The polypeptide backbone of an α helix is twisted by an equal amount about each α-carbon with a phi angle of approximately −57° and a psi angle of approximately −47°. A complete turn of the helix contains an average of 3.6 aminoacyl residues, and its pitch or rise per turn is 0.54 nm (Figure 1). The R groups of each aminoacyl residue in an α helix face outward (Figure 2). Since proteins are comprised solely of _L-amino acids, the only stable α helices they can form are right-handed. Schematic diagrams of proteins often represent α helices as coils or cylinders.

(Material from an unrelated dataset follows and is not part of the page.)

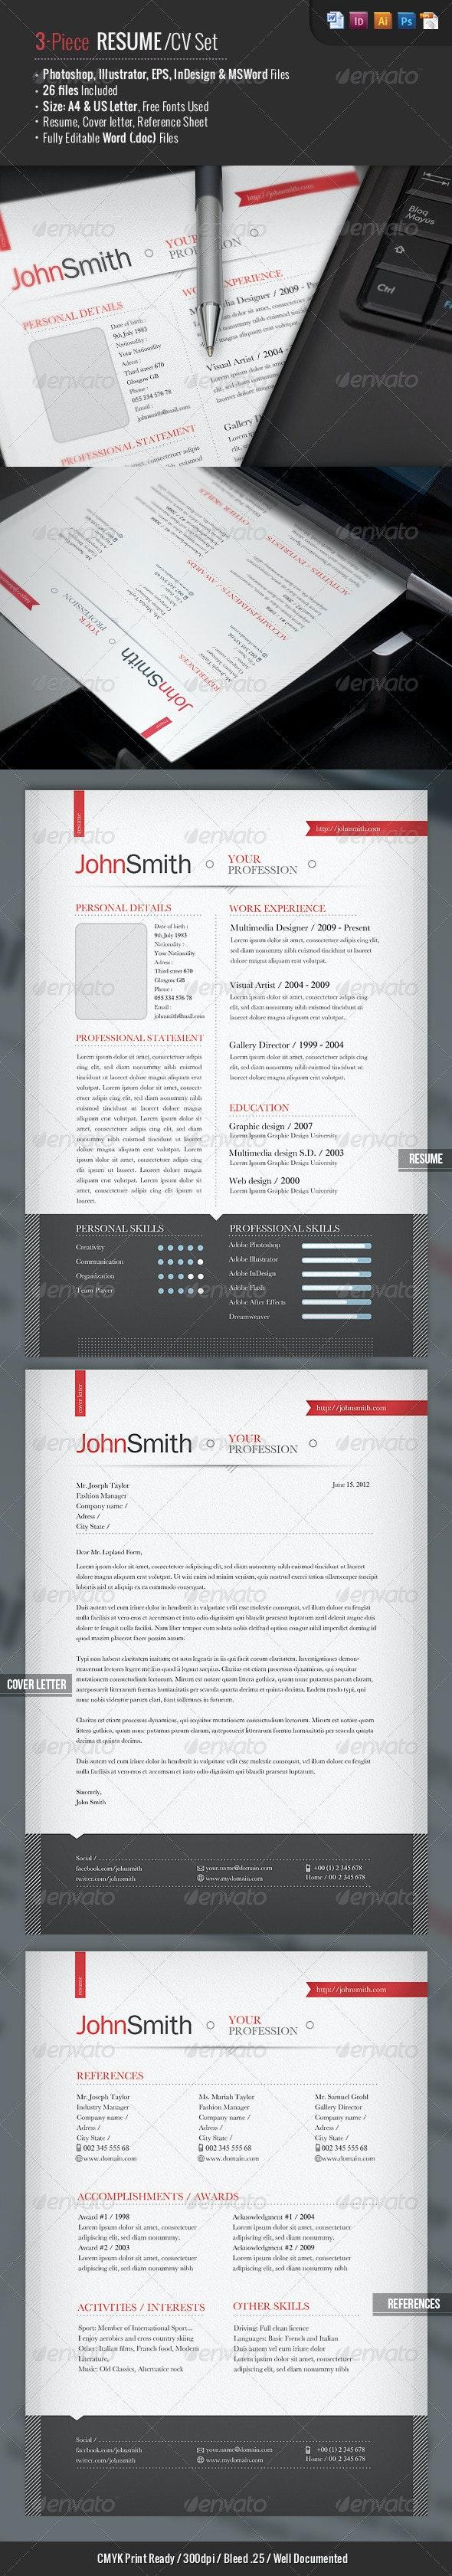 Ready 3-Piece Resume/CV Set - Resumes Stationery
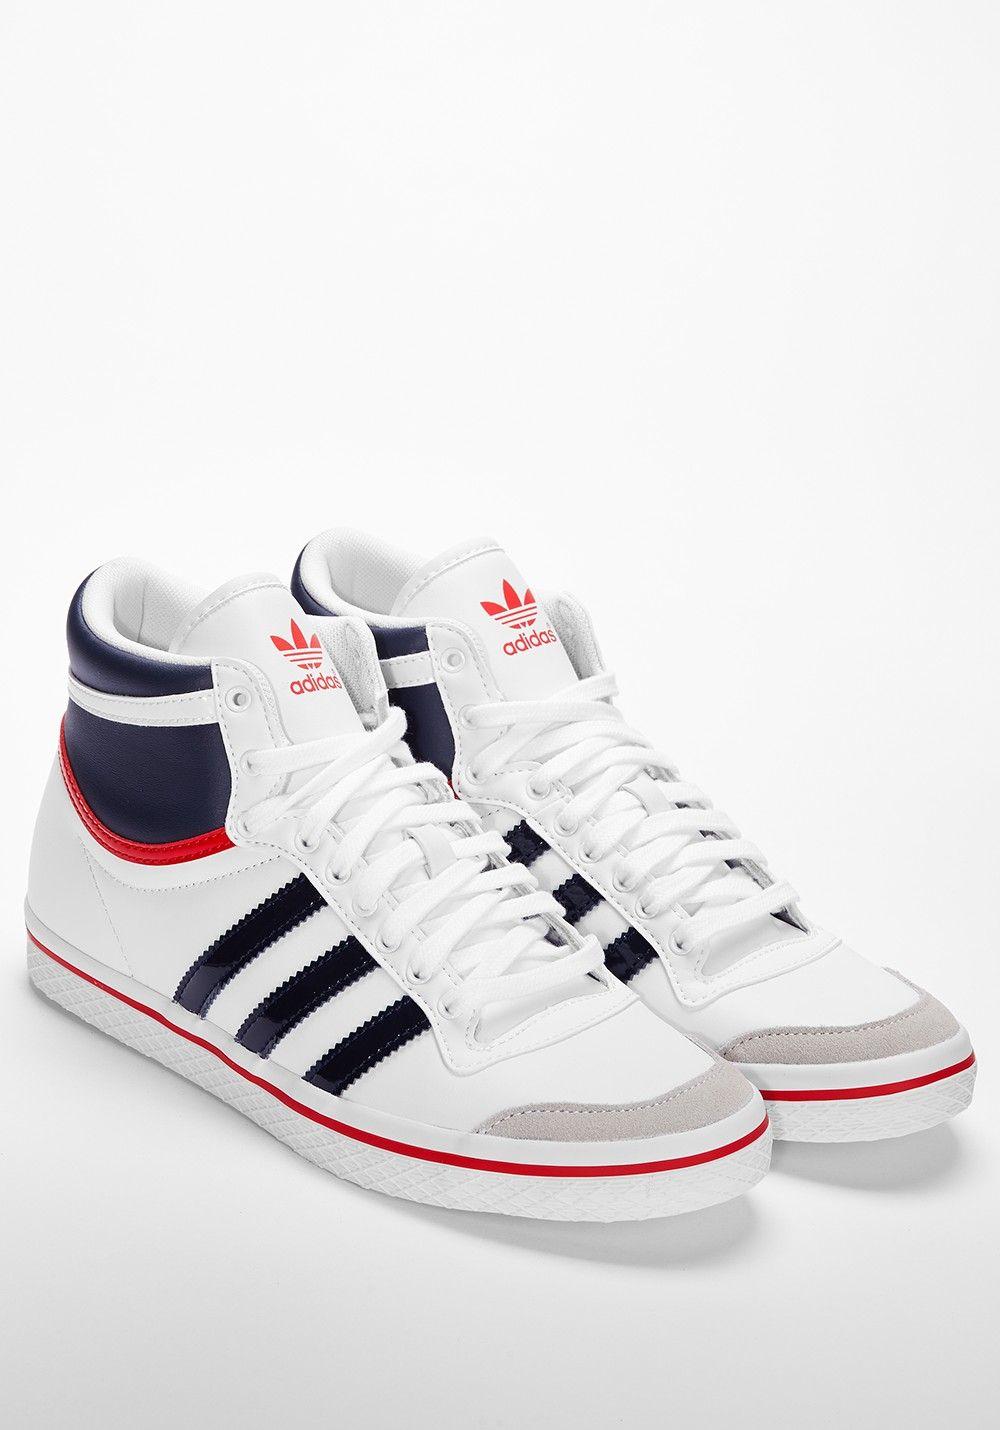 Adidas Top Ten Vulc Lth Syn Tx Sneaker Adidas Sneaker Freizeitschuhe

fig1. Orientation of the main chain atoms of a pep tide about the axis of an α helix.

fig2. View down the axis of a polypeptide α helix .The side chains (R) are on the outside of the helix. The van der Waals radii of the atoms are larger than shown here; hence, there is almost no free space inside the helix.

The stability of an α helix arises primarily from hydrogen bonds formed between the oxygen of the peptide bond carbonyl and the hydrogen atom of the peptide bond nitrogen of the fourth residue down the polypeptide chain (Figure 3). The ability to form the maximum number of hydrogen bonds, supplemented by van der Waals interactions in the core of this tightly packed structure, provides the thermodynamic driving force for the formation of an α helix. Since the peptide bond nitrogen of proline lacks a hydrogen atom, it is incapable of forming a hydrogen bond with a carbonyl oxygen. Consequently, proline can only be stably accommodated within the first turn of an α helix. When present elsewhere, proline disrupts the conformation of the helix, producing a bend. Because it possesses such a small R group, glycine can disrupt packing, that may introduce a bend within an α helix.

fig3. Hydrogen bonds (dotted lines) formed between H and O atoms stabilize a polypeptide in an α-helical conformation.

Many α helices have predominantly hydrophobic R groups projecting from one side along their central axis and predominantly hydrophilic R groups projecting from the other side. These amphipathic helices are well adapted to the formation of interfaces between polar and nonpolar regions such as the hydrophobic interior of a protein and its aqueous environment. Clusters of amphipathic helices can create channels, or pores, through hydrophobic cell membranes that permit specific polar molecules to pass.